* [Task brief]:
The whole listing, exactly as given: write it out, leaving out each image.

*** Data segment Section Begins ***

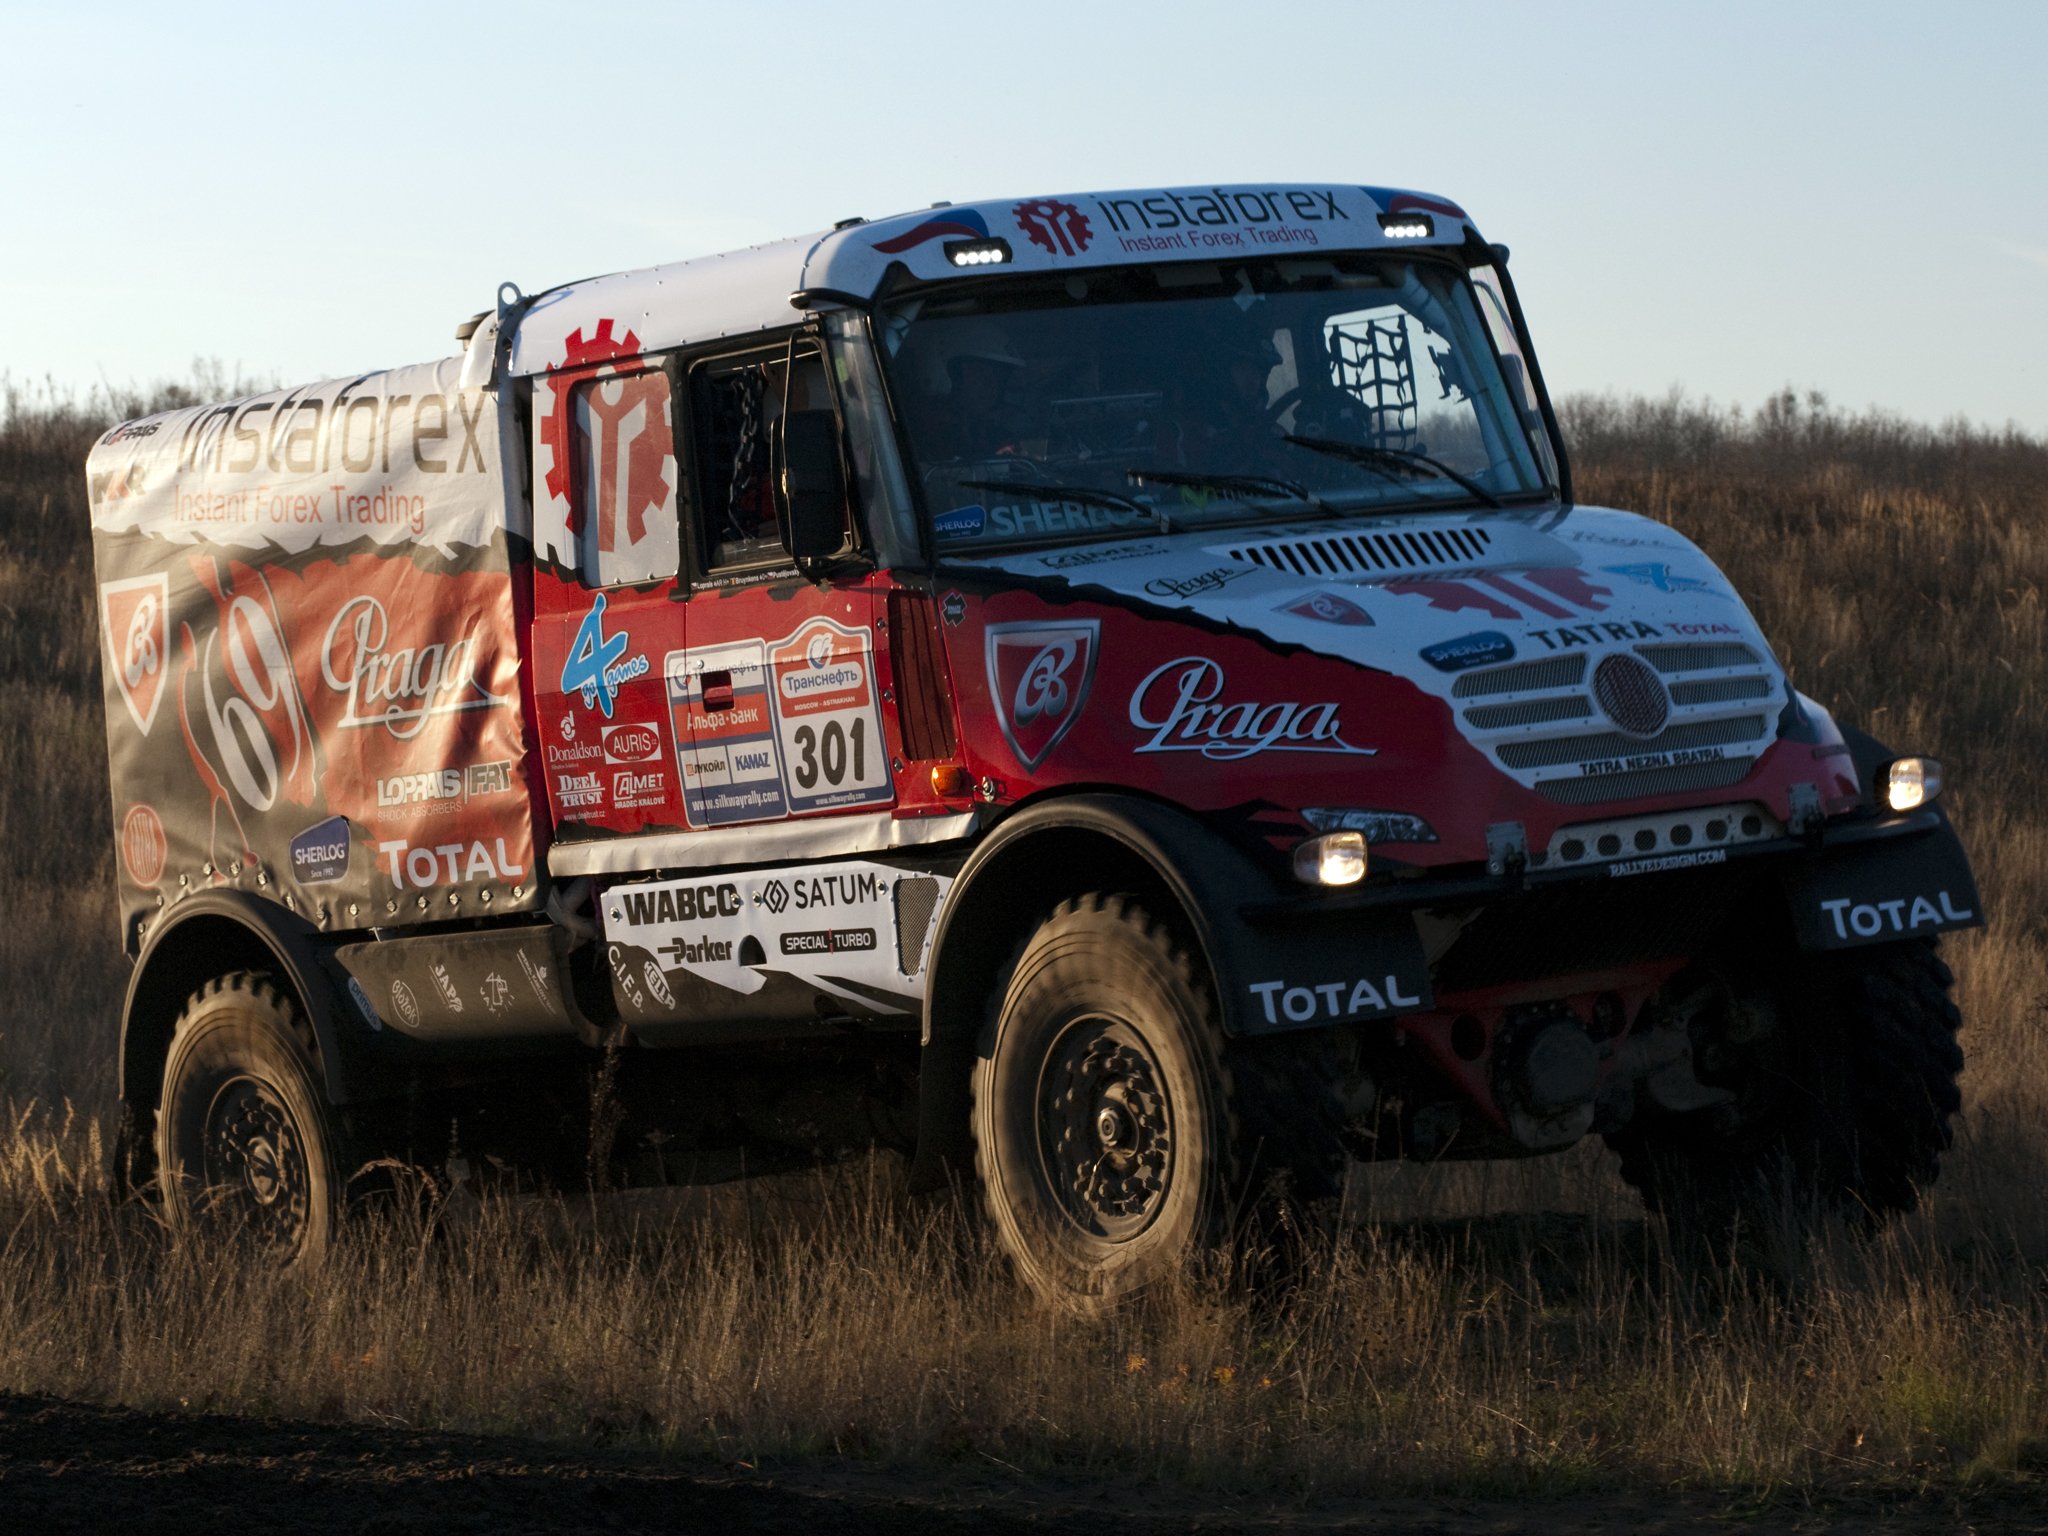 2014, Tatra, Yamal, Queen, 6 9, Evo ii, Semi, Tractor, Rally, Offroad, Race, Racing Wallpaper
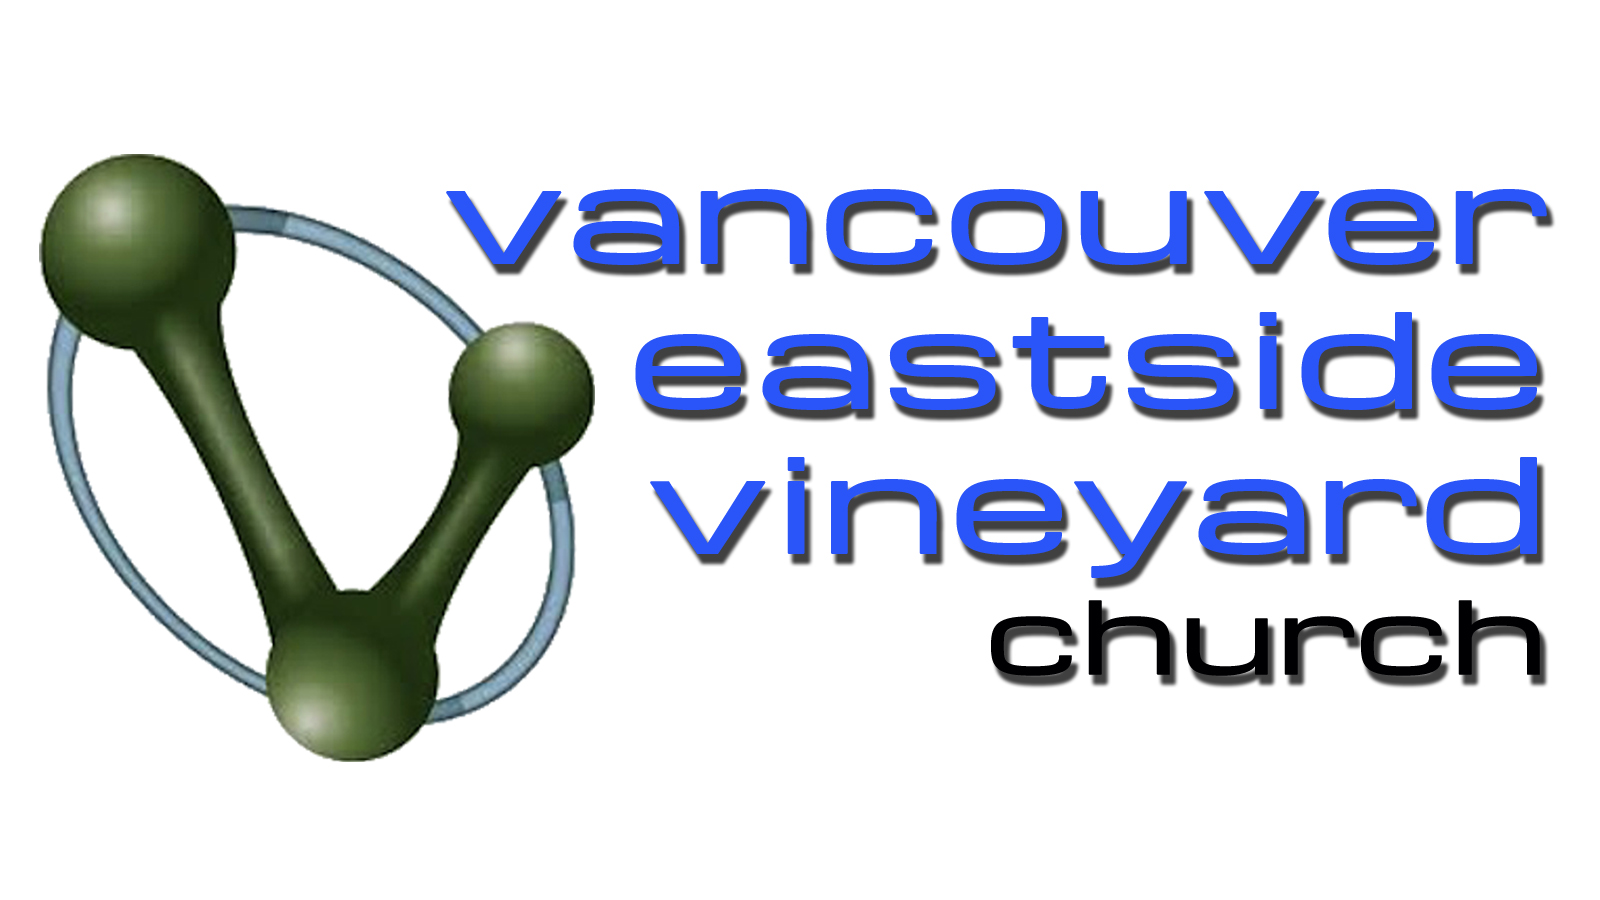 Vancouver Eastside Vineyard Church
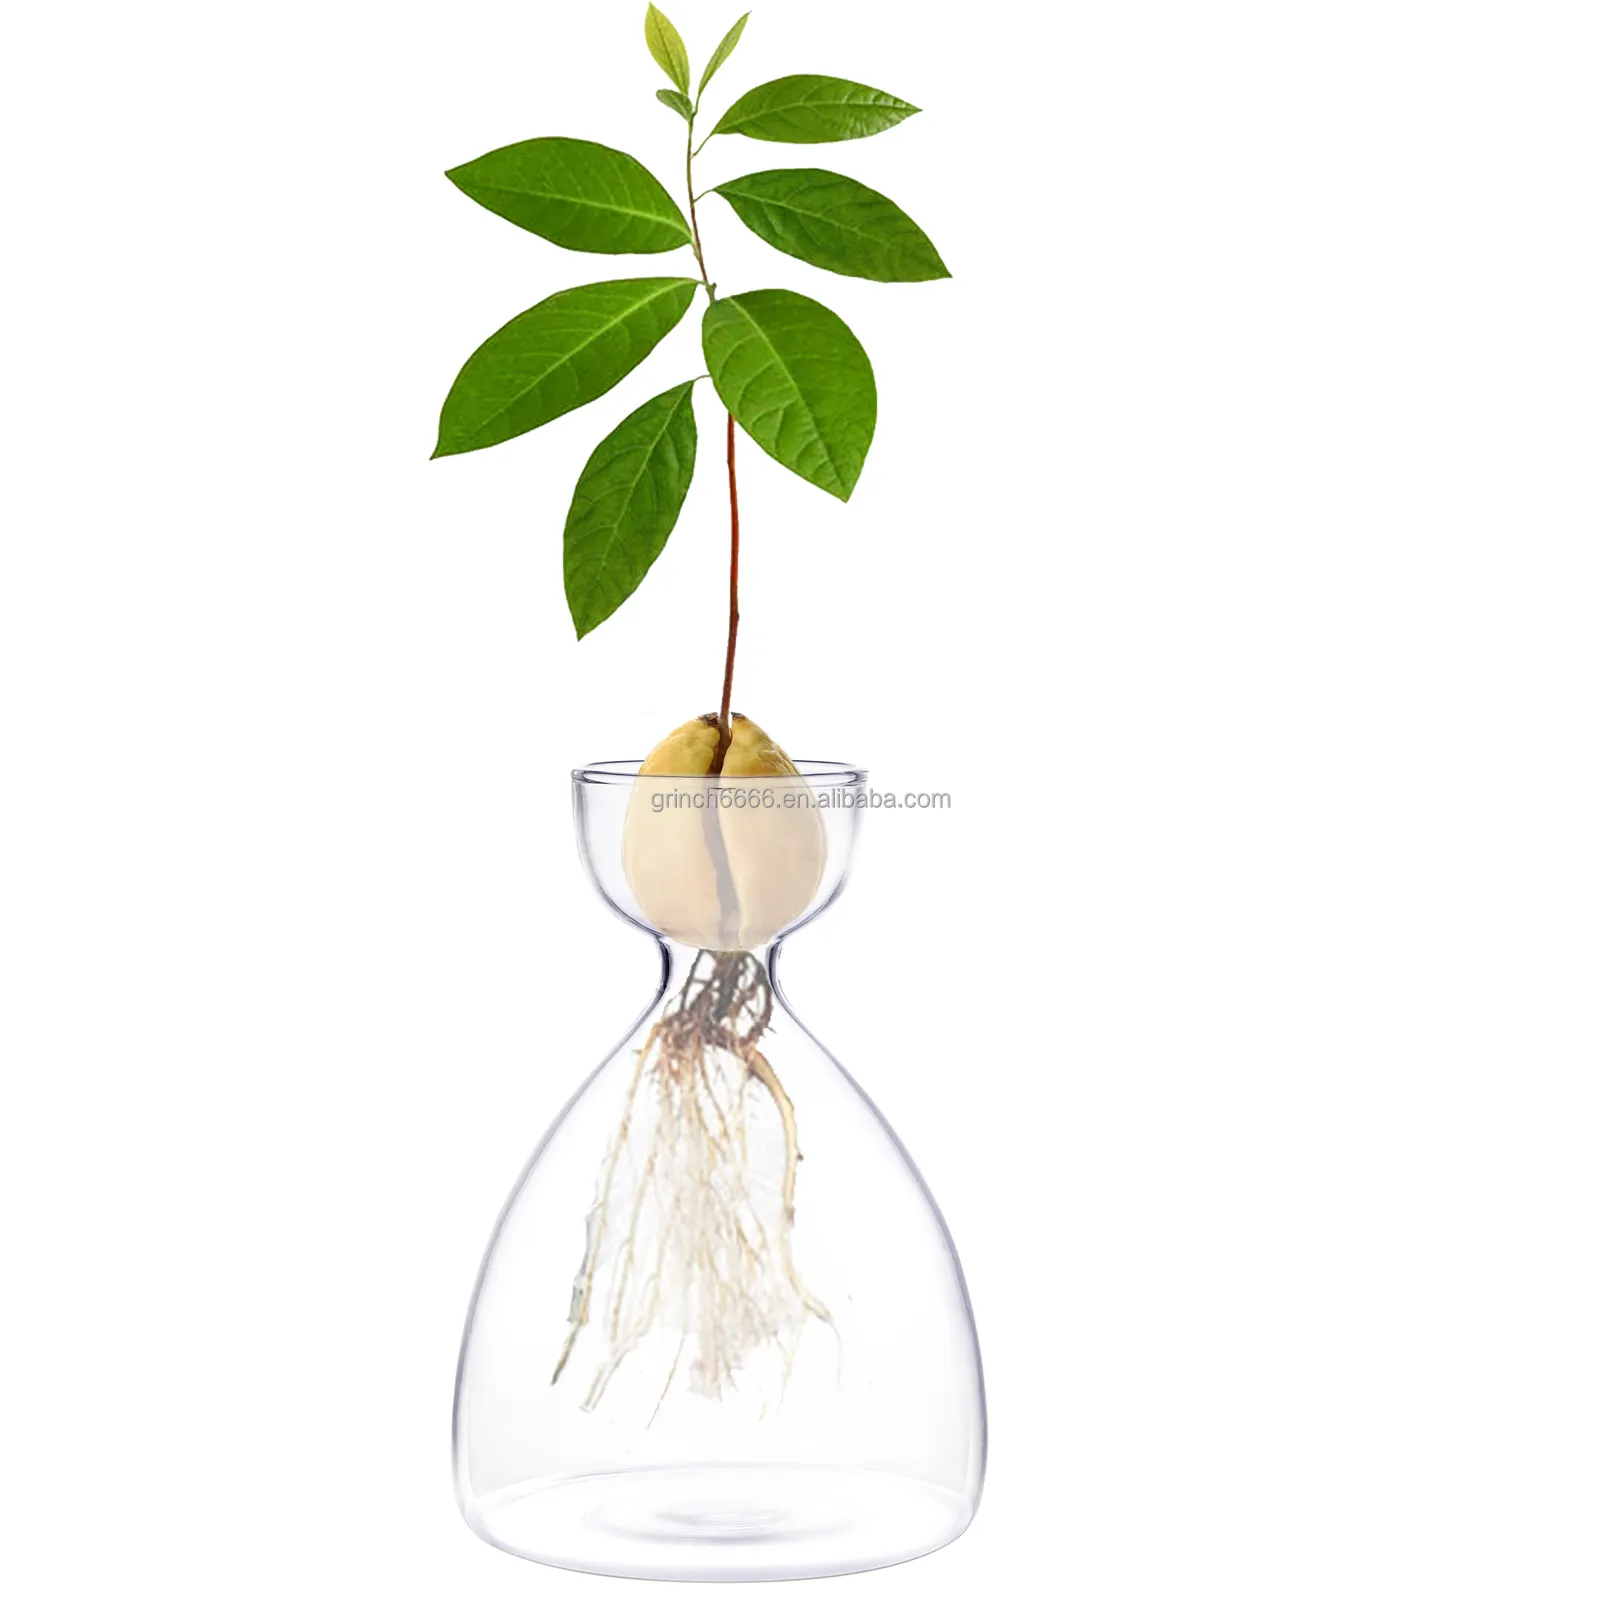 Vase de culture créative d'avocat, dispositif en verre pour plantes d'avocat, Pot de culture d'arbre de murano

*** Data segment Section Ends ***

* [Solution to the exercise]:
 2014, Tatra, Yamal, Queen, 6 9, Evo ii, Semi, Tractor, Rally, Offroad, Race, Racing Wallpaper
 Vancouver Eastside Vineyard Church
 Vase de culture créative d'avocat, dispositif en verre pour plantes d'avocat, Pot de culture d'arbre de murano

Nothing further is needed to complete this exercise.